# Odd Job



## 2raghu (Jan 22, 2013)

Is it that I need to get the Job in my specific skill during the first 6months stay? or Can I go ahead by getting an Odd Job and apply for PR visa? And later try for my skillset job? Please clarify.


----------



## beppi (Jun 10, 2013)

Your post is too unclear as to understand your real intentions (and give a meaningful answer).
But what you can or cannot do is determined by the type of visa you have. Ask the embassy, they will be able to clarify!


----------



## 2raghu (Jan 22, 2013)

beppi said:


> Your post is too unclear as to understand your real intentions (and give a meaningful answer).
> But what you can or cannot do is determined by the type of visa you have. Ask the embassy, they will be able to clarify!

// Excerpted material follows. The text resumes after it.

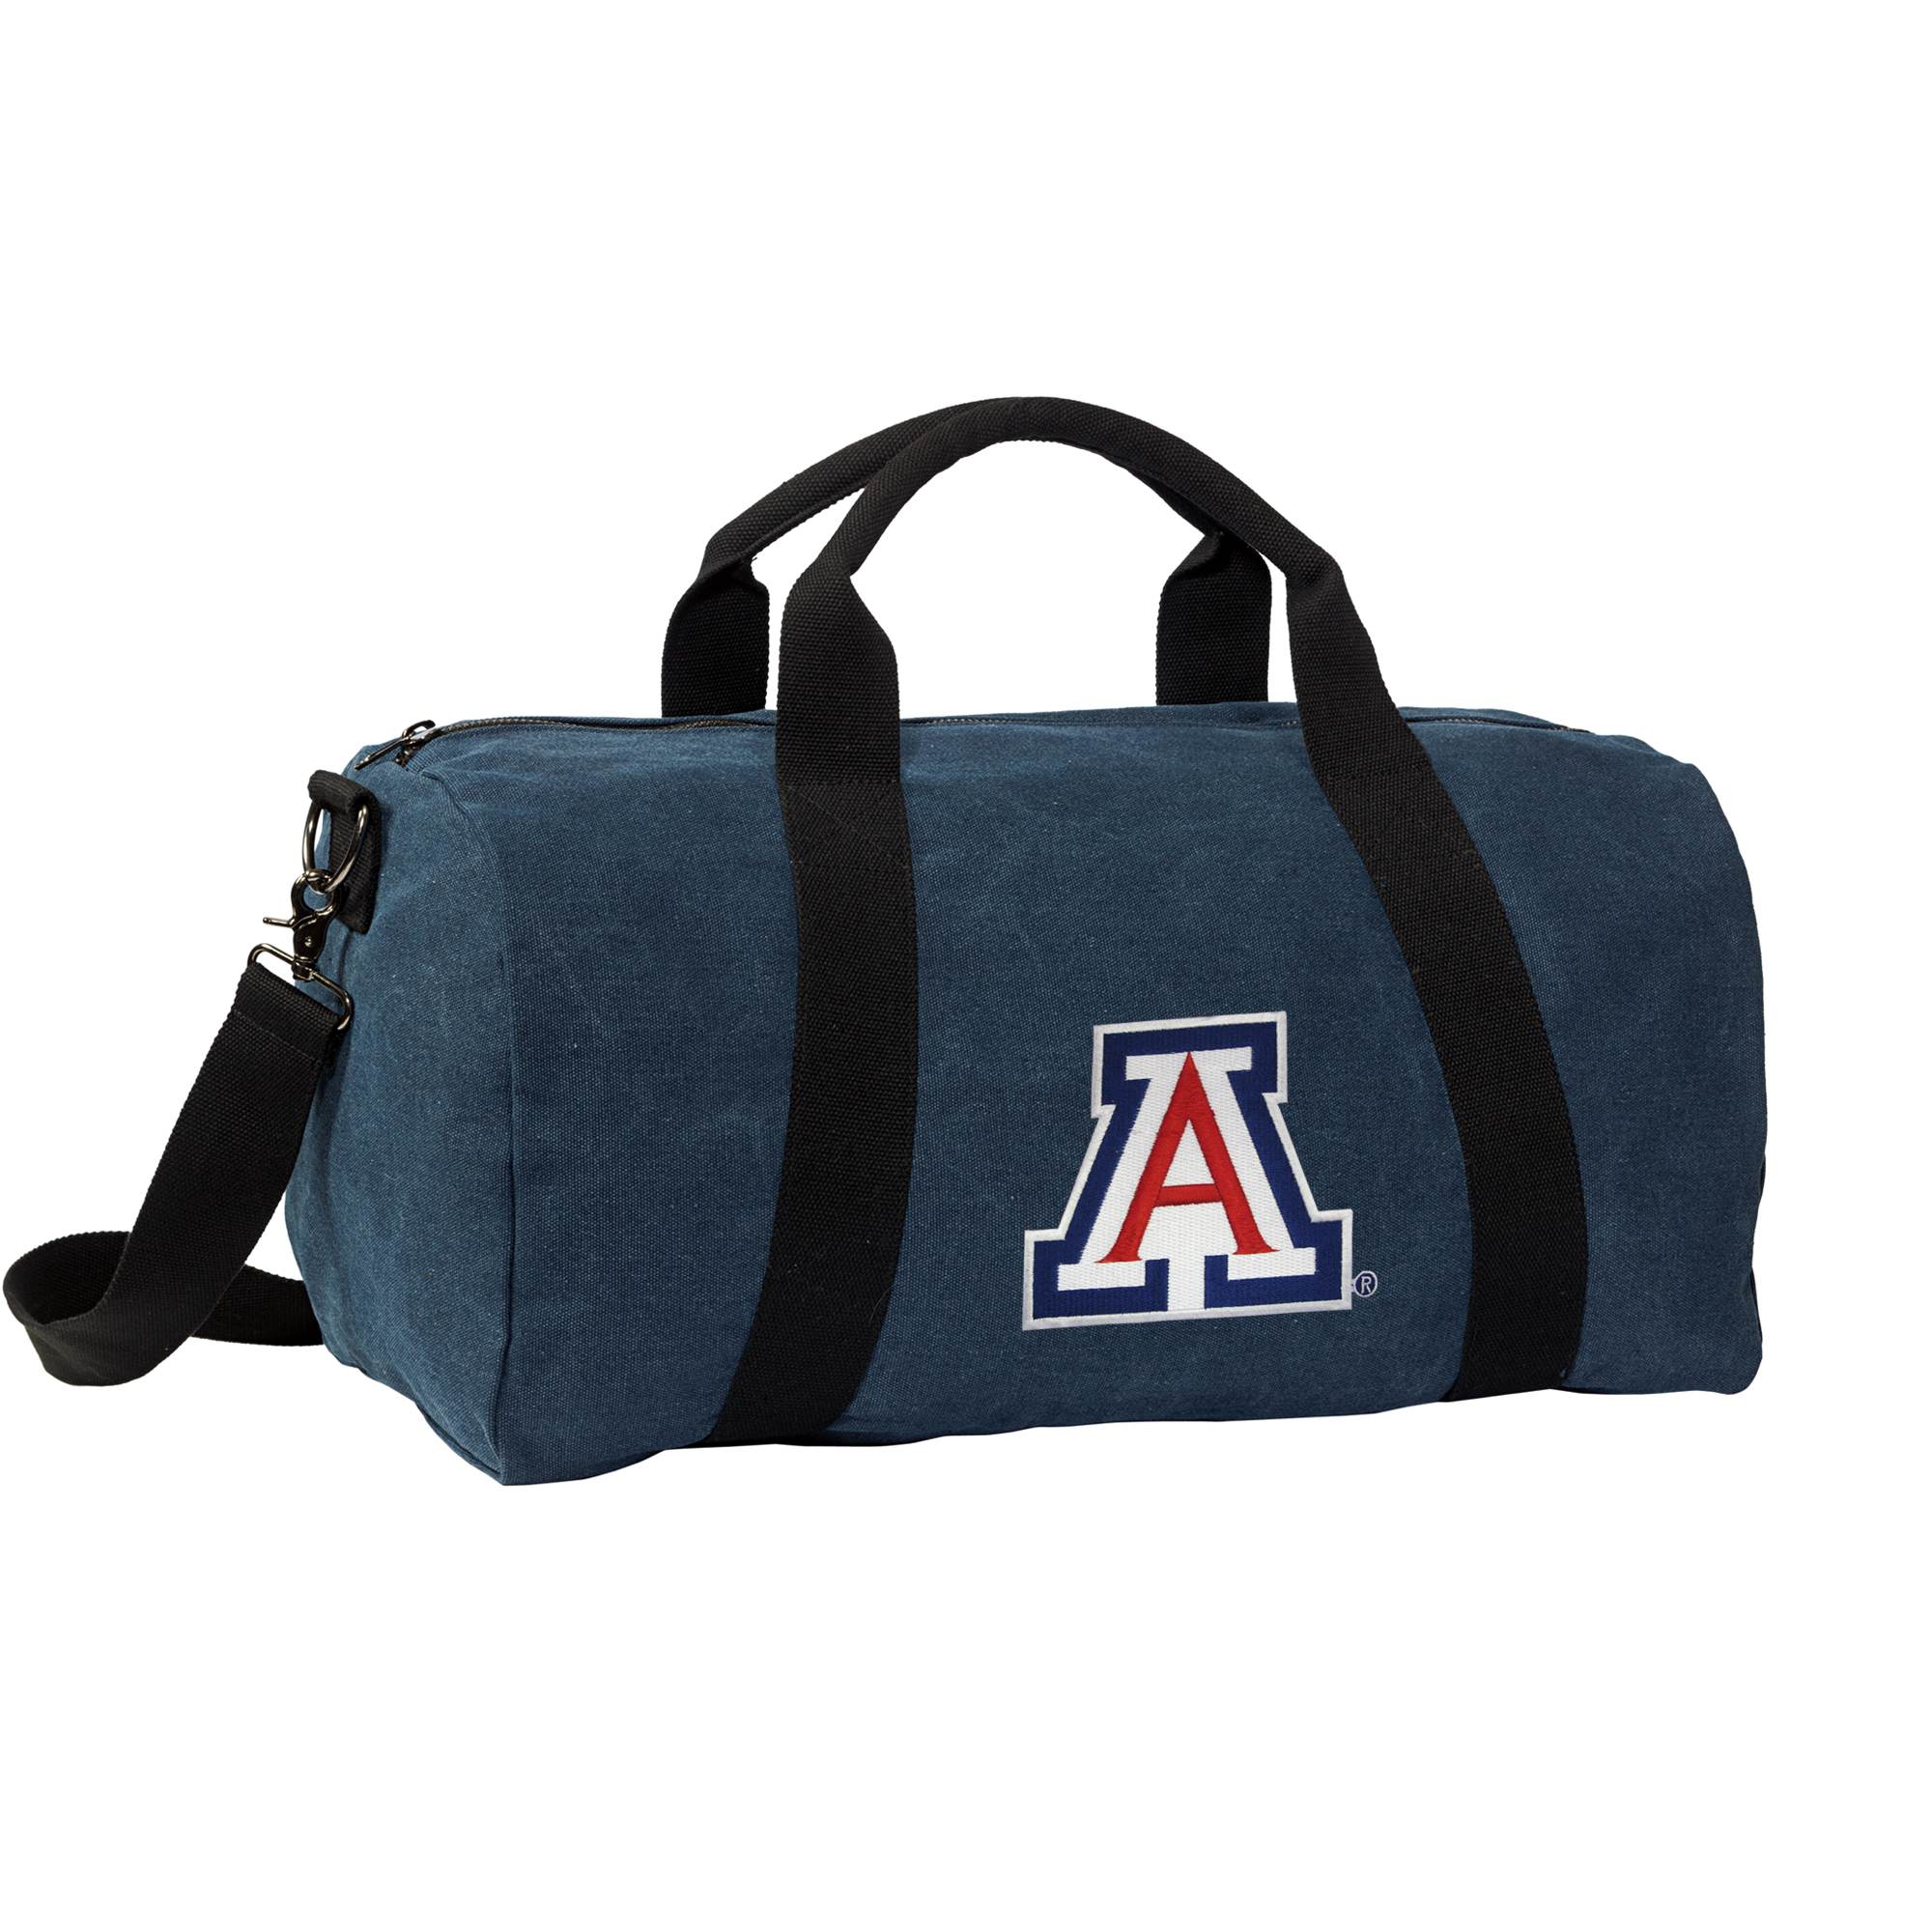 Arizona Wildcats Duffle Bag DELUXE CANVAS University of Arizona Duffels by

Sorry for being unclear. I mean with Job seeker visa(which I understand is that a person is allowed to search for jobs in Germany for six months duration and gets a PR after getting a job) can a person apply for odd jobs and get a PR?


----------



## ALKB (Jan 20, 2012)

2raghu said:


> Sorry for being unclear. I mean with Job seeker visa(which I understand is that a person is allowed to search for jobs in Germany for six months duration and gets a PR after getting a job) can a person apply for odd jobs and get a PR?


What do you mean by odd jobs? Unqualified? Temporary?

If you mean unqualified jobs then I doubt it, as the department of employment still have to approve the issuance of the work permit.

The jobseeker visa is issued on the basis of your qualifications and specialised skills to fill vacancies in shortage occupations, not to recruit shelf stackers.

If you mean temporary jobs, then that MIGHT work for a temporary permit for the duration of the job but I imagine it could be difficult to convince the authorities.


----------